** Prompt **
Repeat the records exactly. Leave out the pictures.

(Records drawn from a dataset)
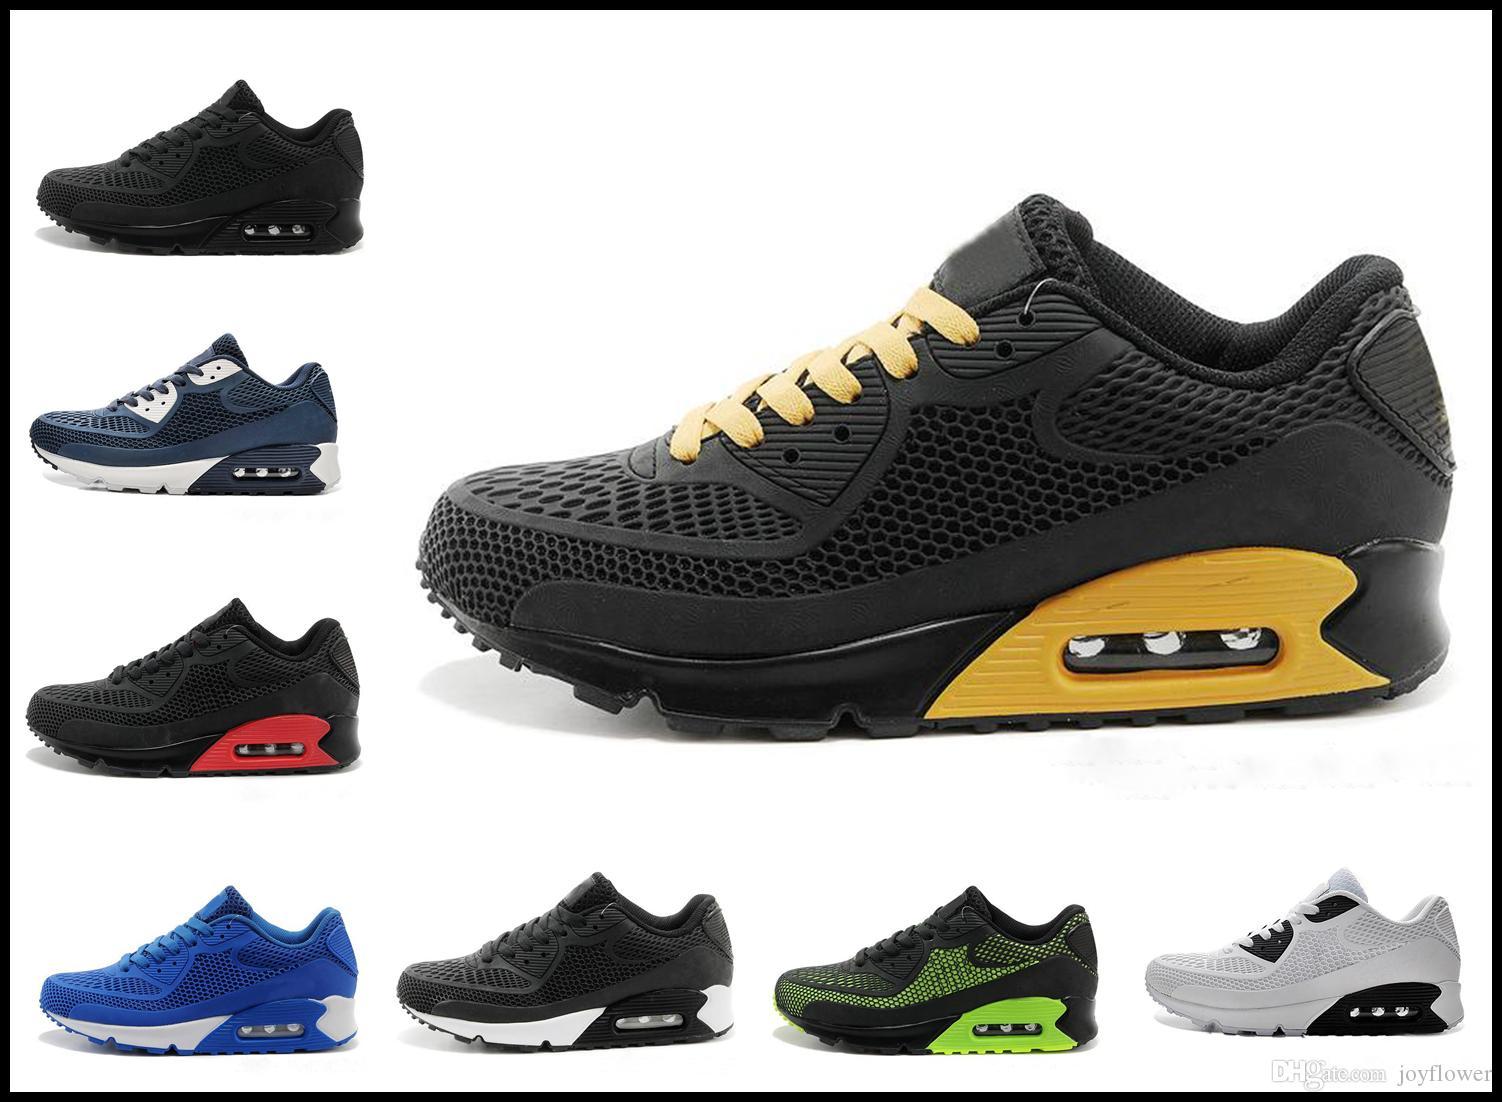 on sale 80ac3 95807 Acheter Nike Air Max Airmax 90 Nouveau Chaussures De Course Air Cushion 90  KPU Hommes Femmes Baskets Haute Qualité Pas Cher Tout Noir Chaussures De  Sport ...
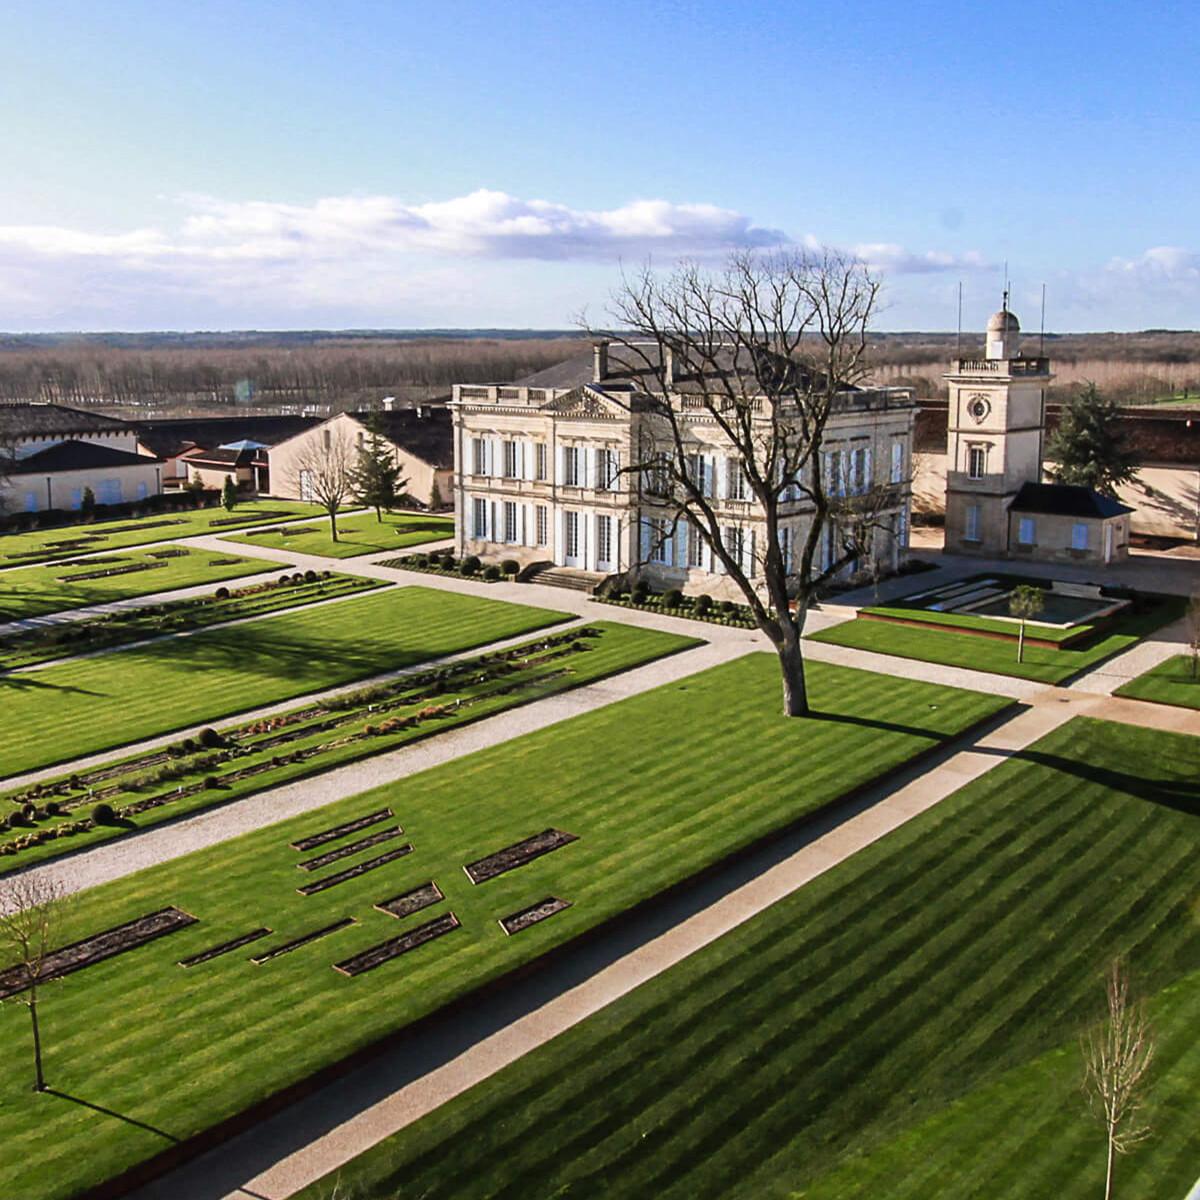 金玫瑰城堡(Chateau Gruaud Larose)
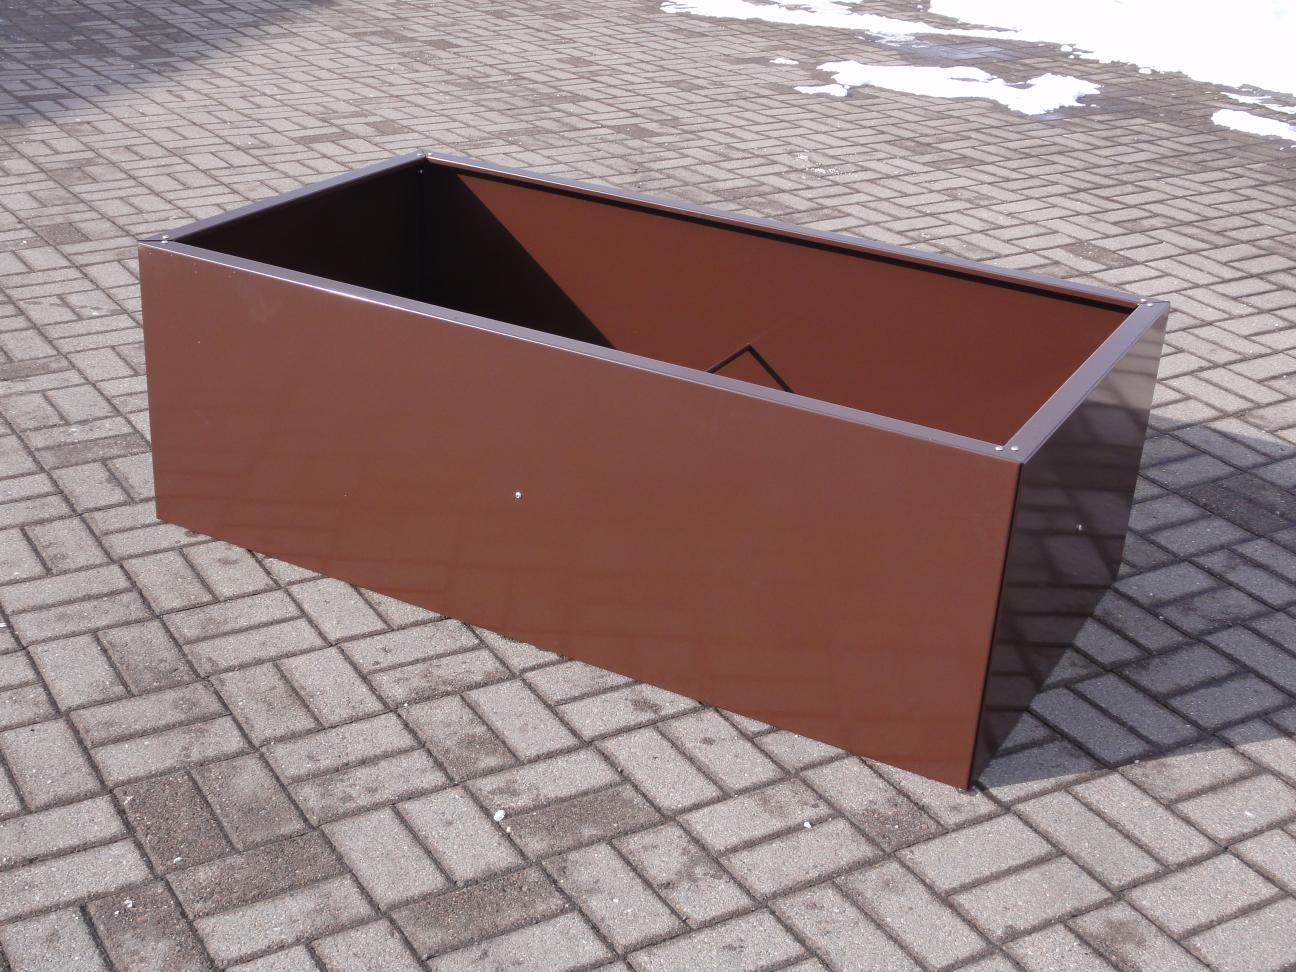 hochbeet urban aus metall f r jeden garten und jede terasse. Black Bedroom Furniture Sets. Home Design Ideas
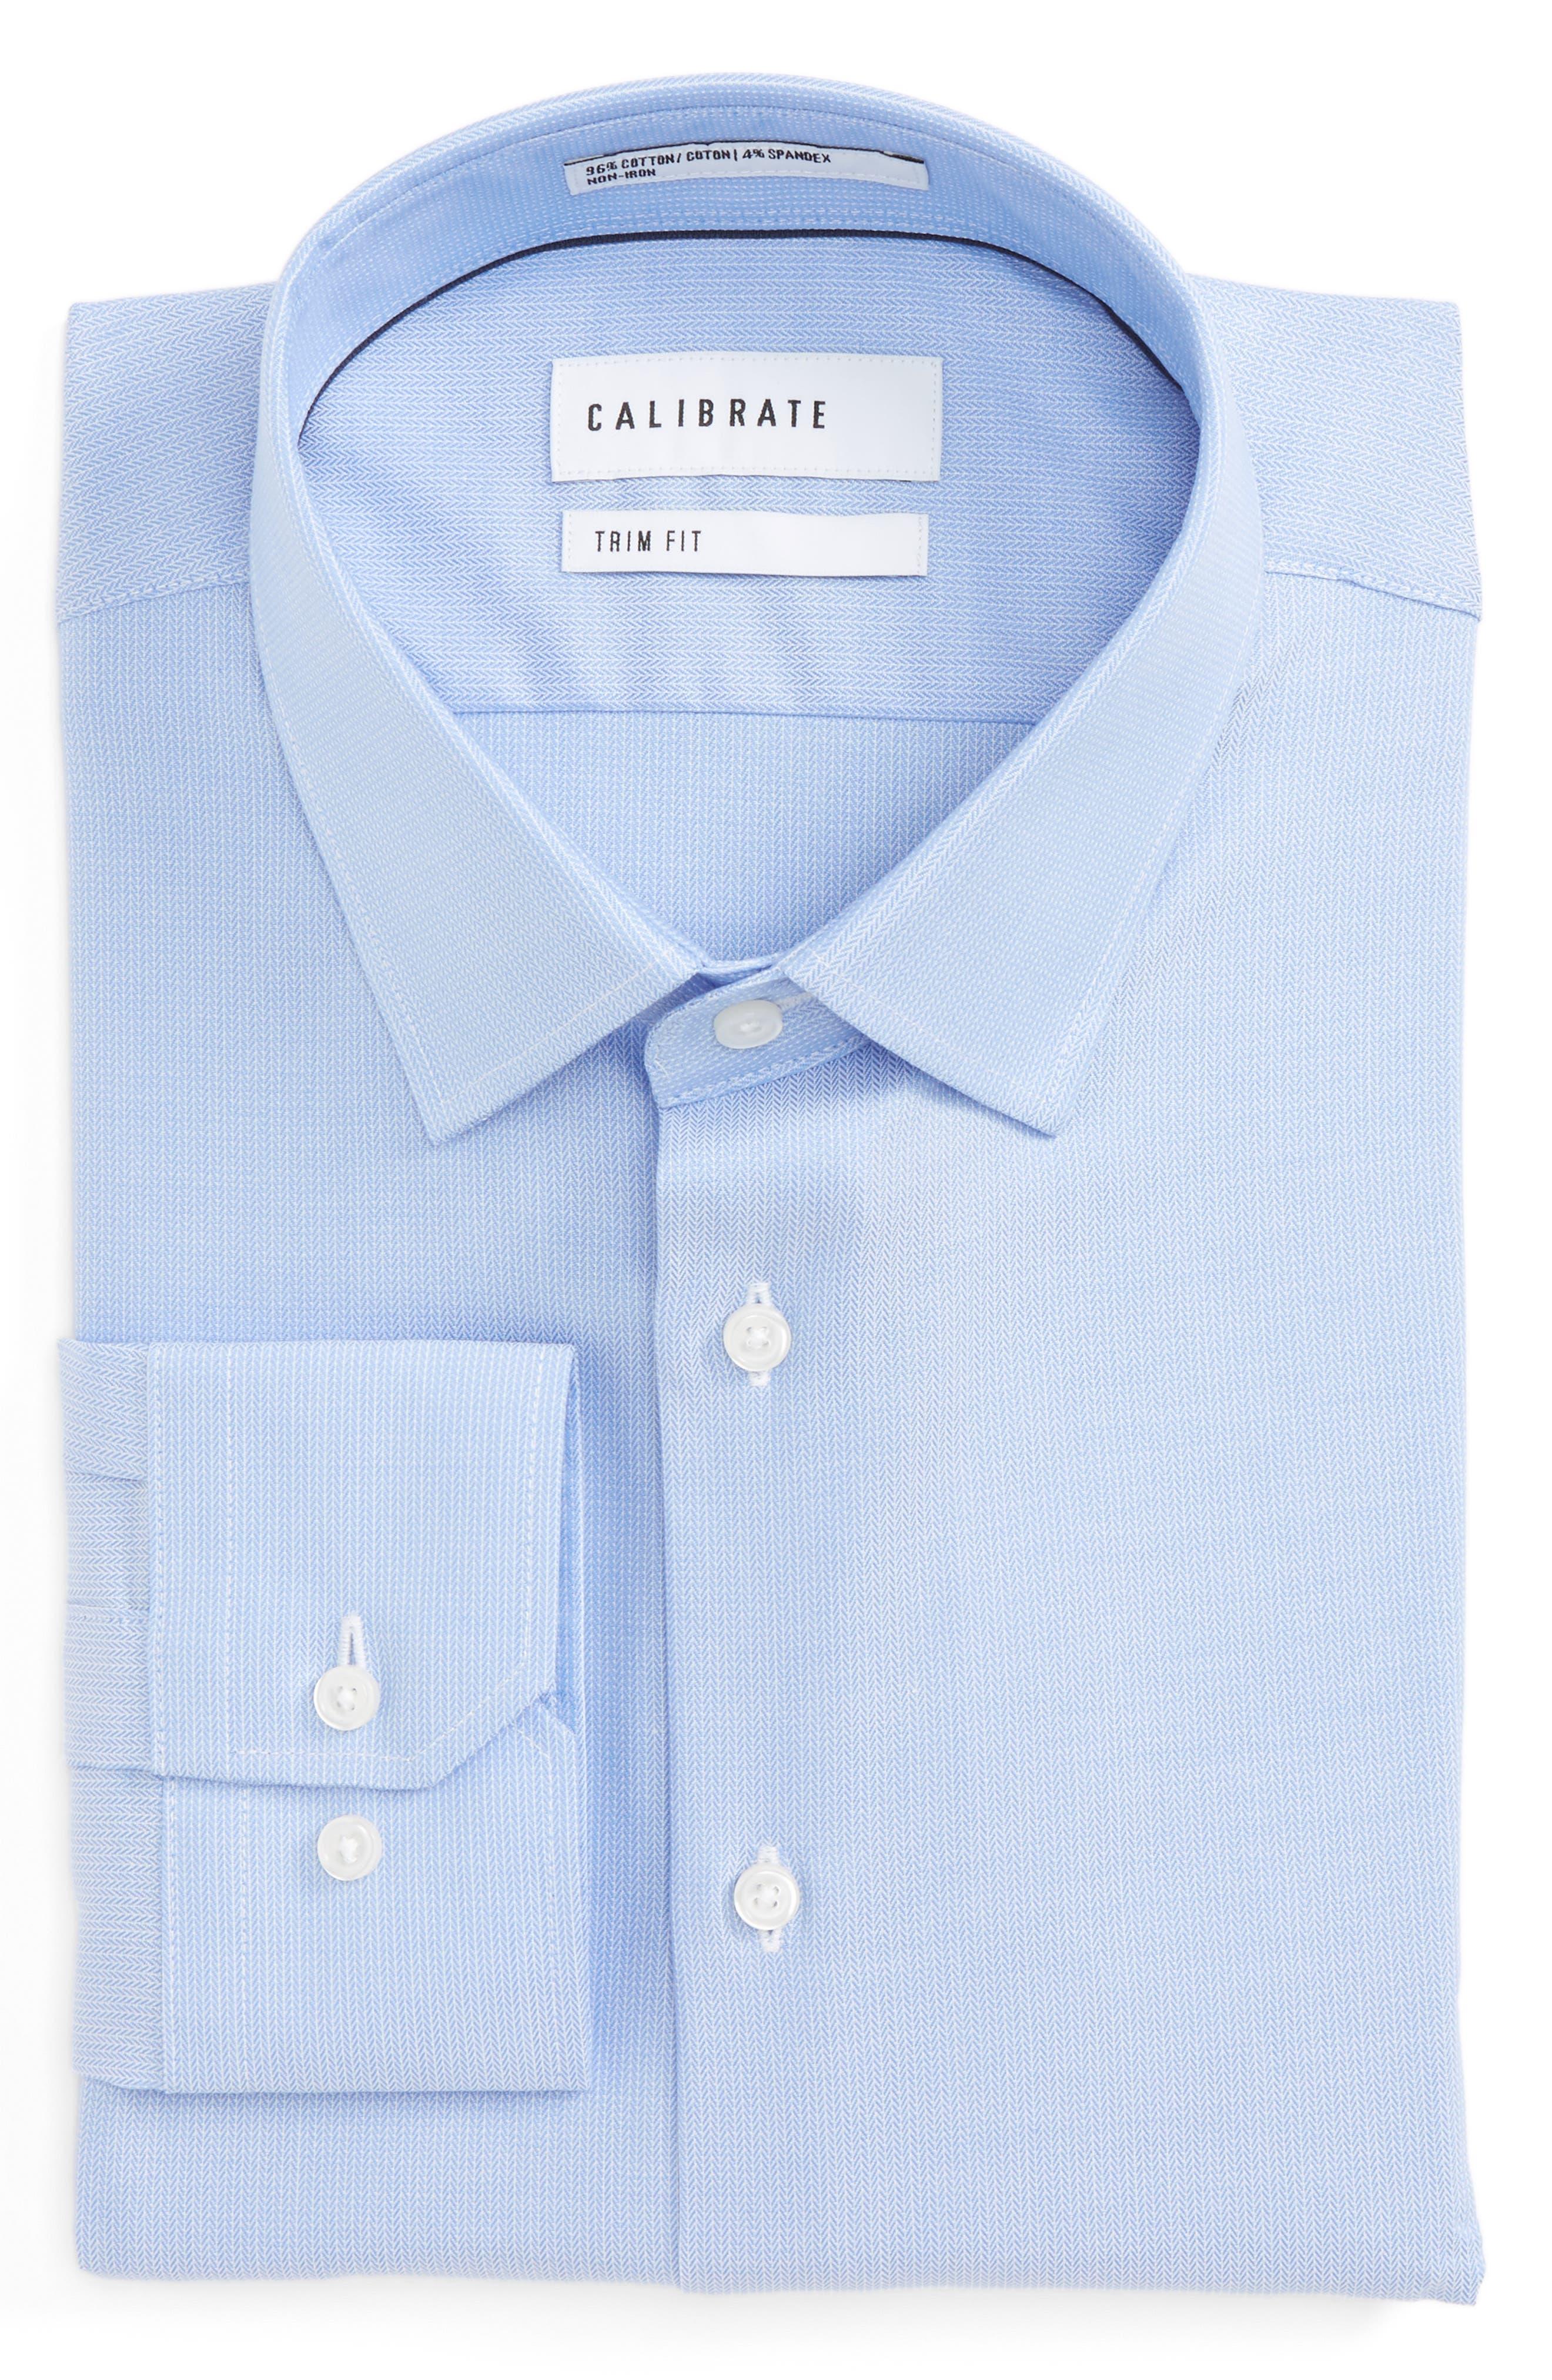 Trim Fit No-Iron Stretch Cotton Dress Shirt,                         Main,                         color, Blue Grapemist
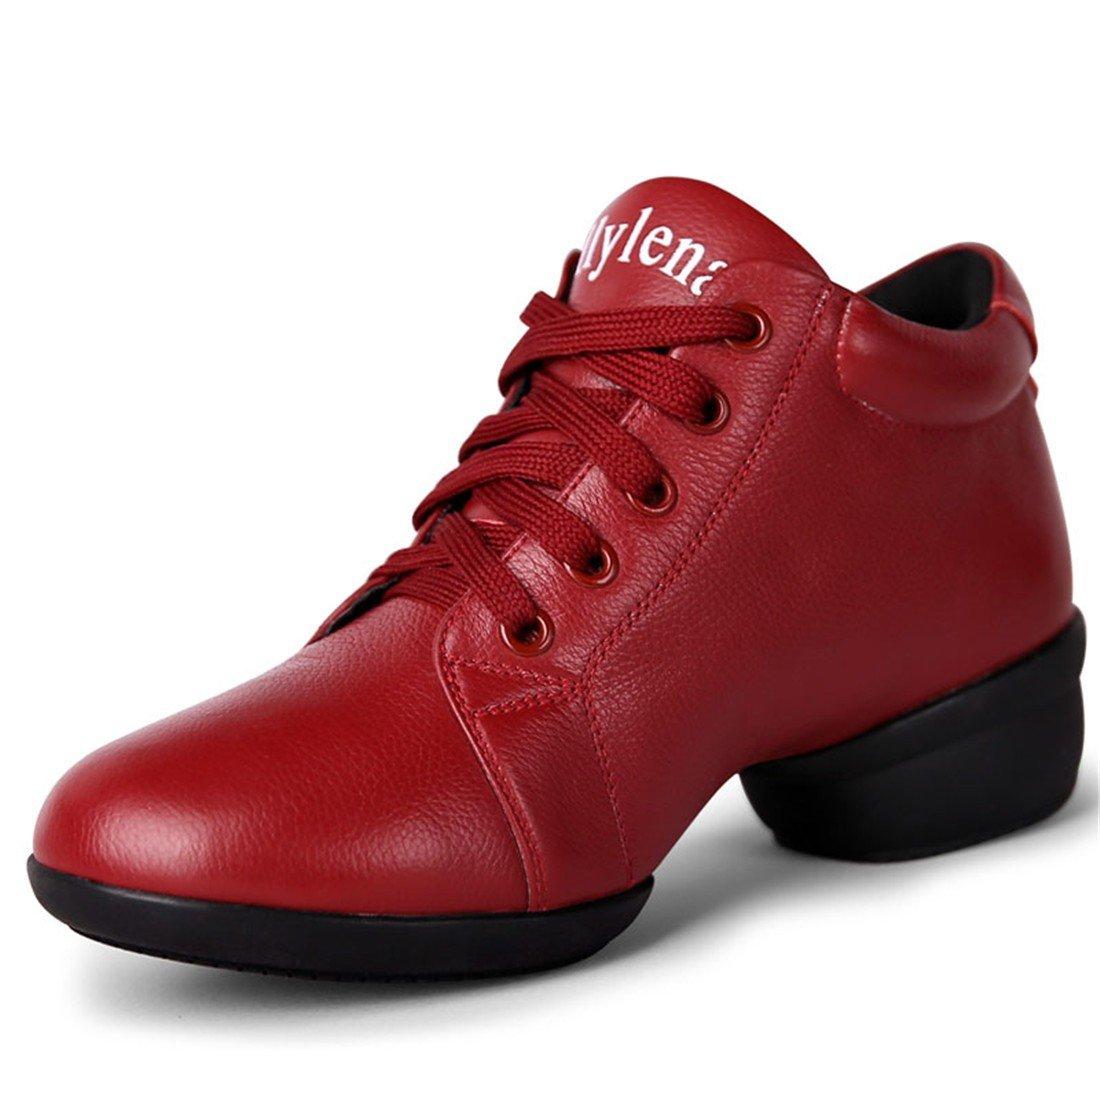 WXMDDN Das Mädchen Marine Mann Mann Mann Dance Schuhe rote Schuhe atmungsaktiv unten Dance Schuhe Vier Jahreszeiten B078819HKF Tanzschuhe Neuer Eintrag c1bcd5

** Your solution **
 on sale 80ac3 95807 Acheter Nike Air Max Airmax 90 Nouveau Chaussures De Course Air Cushion 90  KPU Hommes Femmes Baskets Haute Qualité Pas Cher Tout Noir Chaussures De  Sport ...
 金玫瑰城堡(Chateau Gruaud Larose)
 hochbeet urban aus metall f r jeden garten und jede terasse. Black Bedroom Furniture Sets. Home Design Ideas
 Trim Fit No-Iron Stretch Cotton Dress Shirt,                         Main,                         color, Blue Grapemist
 WXMDDN Das Mädchen Marine Mann Mann Mann Dance Schuhe rote Schuhe atmungsaktiv unten Dance Schuhe Vier Jahreszeiten B078819HKF Tanzschuhe Neuer Eintrag c1bcd5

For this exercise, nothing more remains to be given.